I did get my new Cook adjustable blade guides and felt lubricator installed and I HAD to try them out. IF any of you sawyers are wanting the best out of your saw, my advice is to add the Cooks greasable and adjustable blade guides also along with the blade leveling tool.

I'll post the sawed wood soon!!!! Enjoy!!!!

This is where the 36" half I'm sawing came from 2 yrs ago.









Rotted bark being peeled








There'll be some interesting pieces in here








The whole UGLY!!!


----------



## Tennessee Tim (Dec 15, 2010)

This log was 36"+ in dia and 10' long. Saddly we found a few things as a sawyer we don't want to (BUT with NO DAMAGES!!! GLORY!!!)...that dreaded "blue stain" along with it's causes....1st stain I started checking the blade cut parallel to a strand of barbwire, after chiseling around and "chasing the wire" it was a short loop held by 2 bend # 16 penny nails.....2nd one was 3 roofing tacks (I'd say a "NO Tresspassing" sign) and I happened to saw on each side of the group, I seen the stain and chiseled around and surprisingly found all 3 together in the same pocket.

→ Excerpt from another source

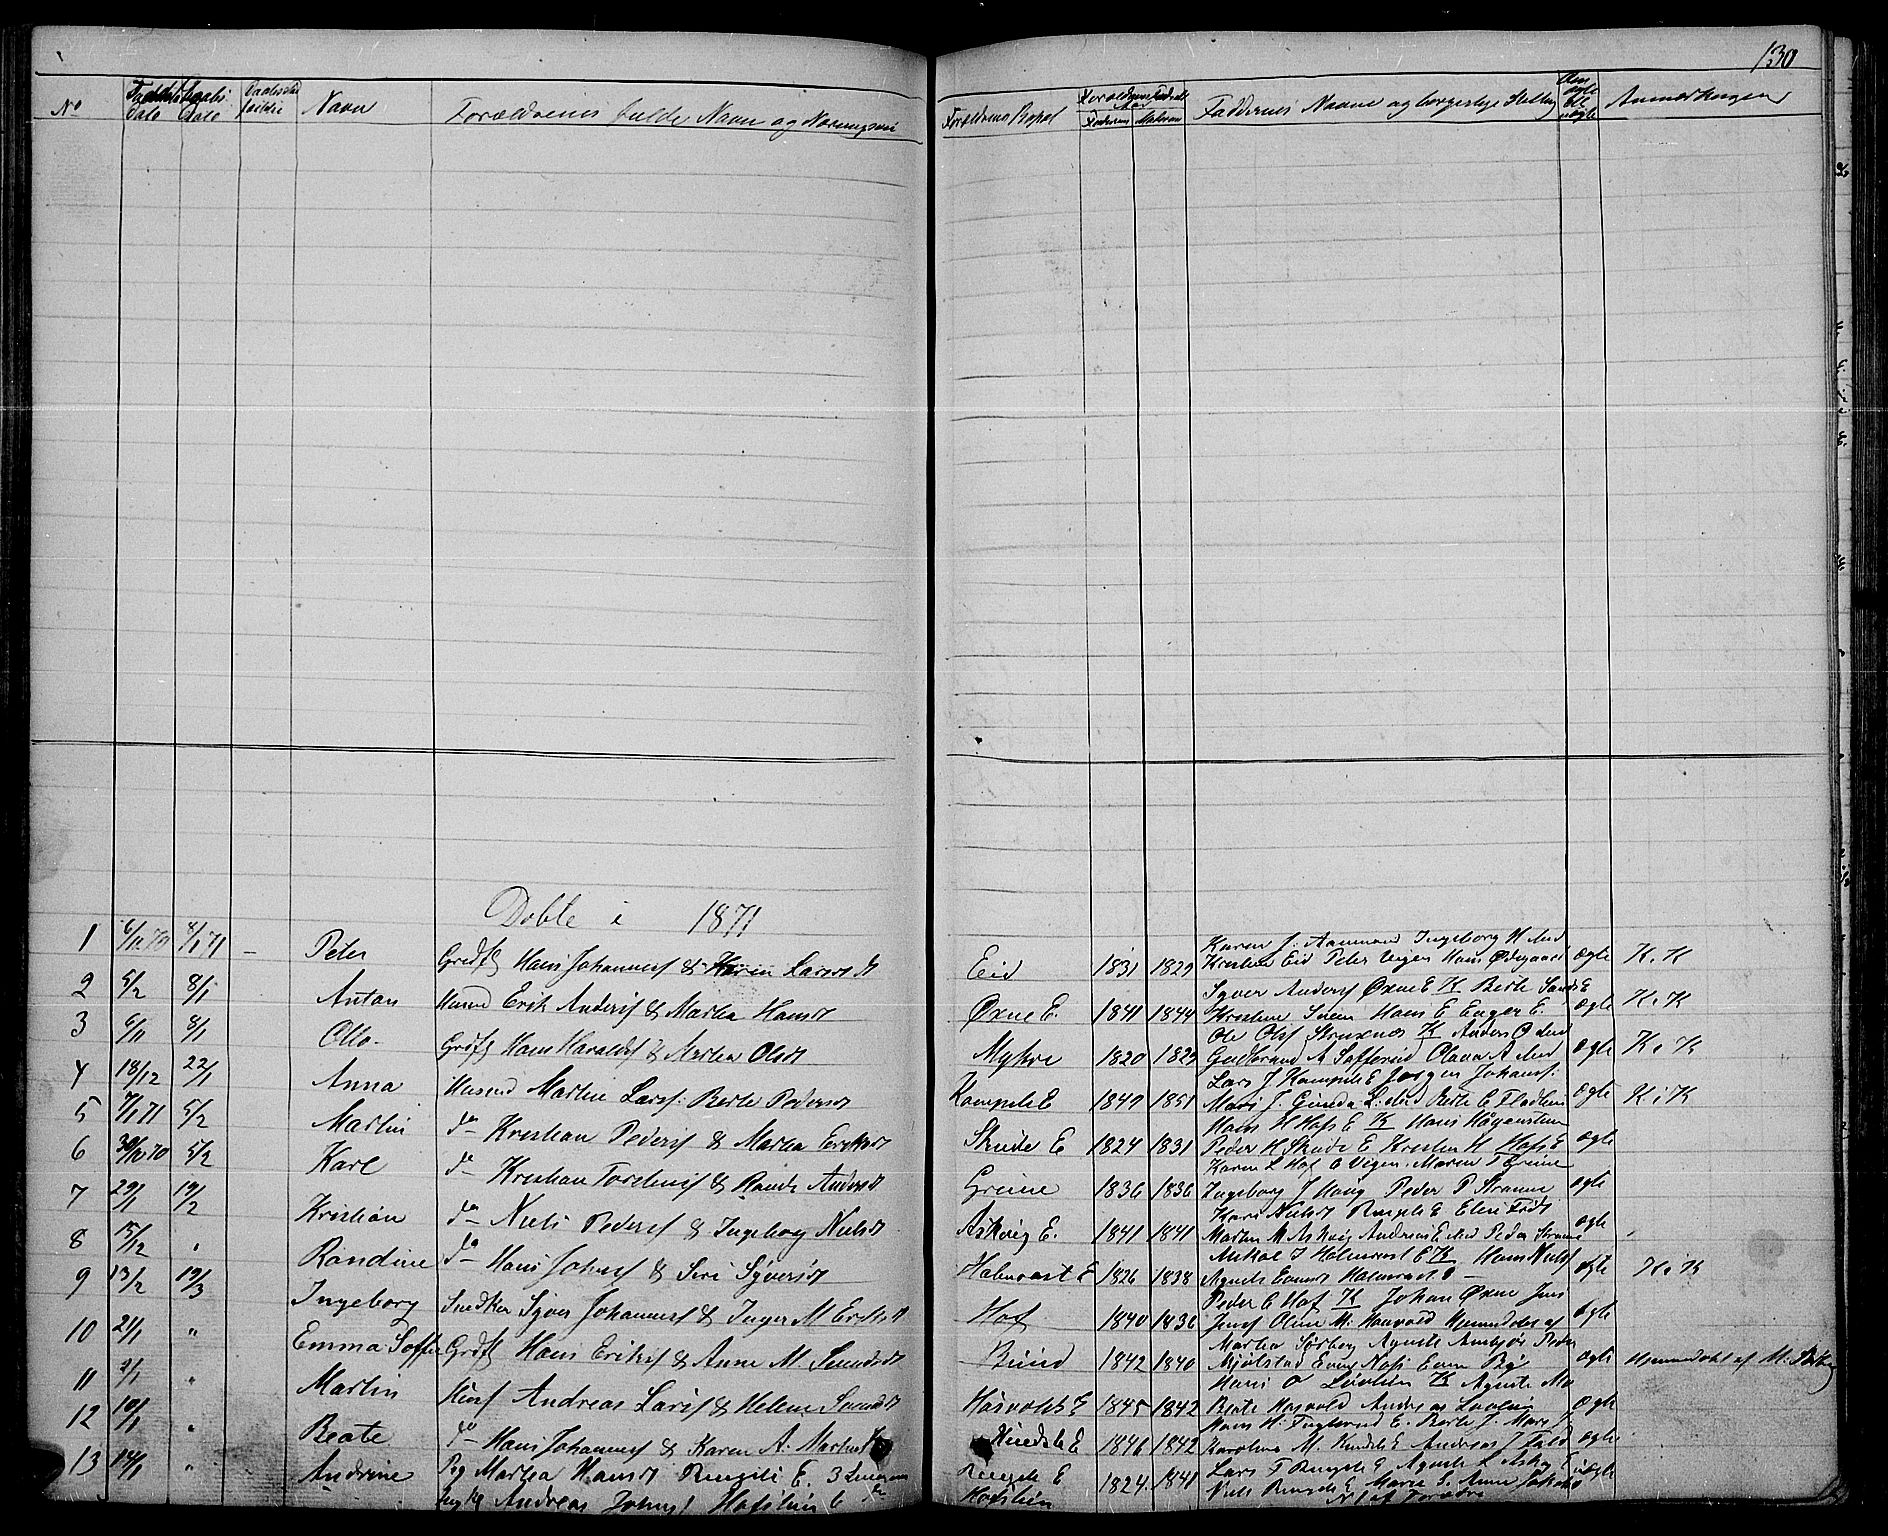 SAH, Søndre Land prestekontor, L/L0001: Klokkerbok nr. 1, 1849-1883, s. 130

The pics today are of "salvaged" pieces ( slab edges pieces produced while squaring) that we rechainsaw into usable smaller accent and table slabs. You'll notice ( in the next set of pics below)the spalting in the outer sapwood but spalting usually only shows in heartwood as a darker/deeper colored growth rings that I've noticed that I usually call aging color. Cherry and walnut heartwood have natural decay resistance and you find very few blackline spalting in them BUT it has happened from a few pics others have posted. I salvage knots and almost any part that has heartwood.....very little waste.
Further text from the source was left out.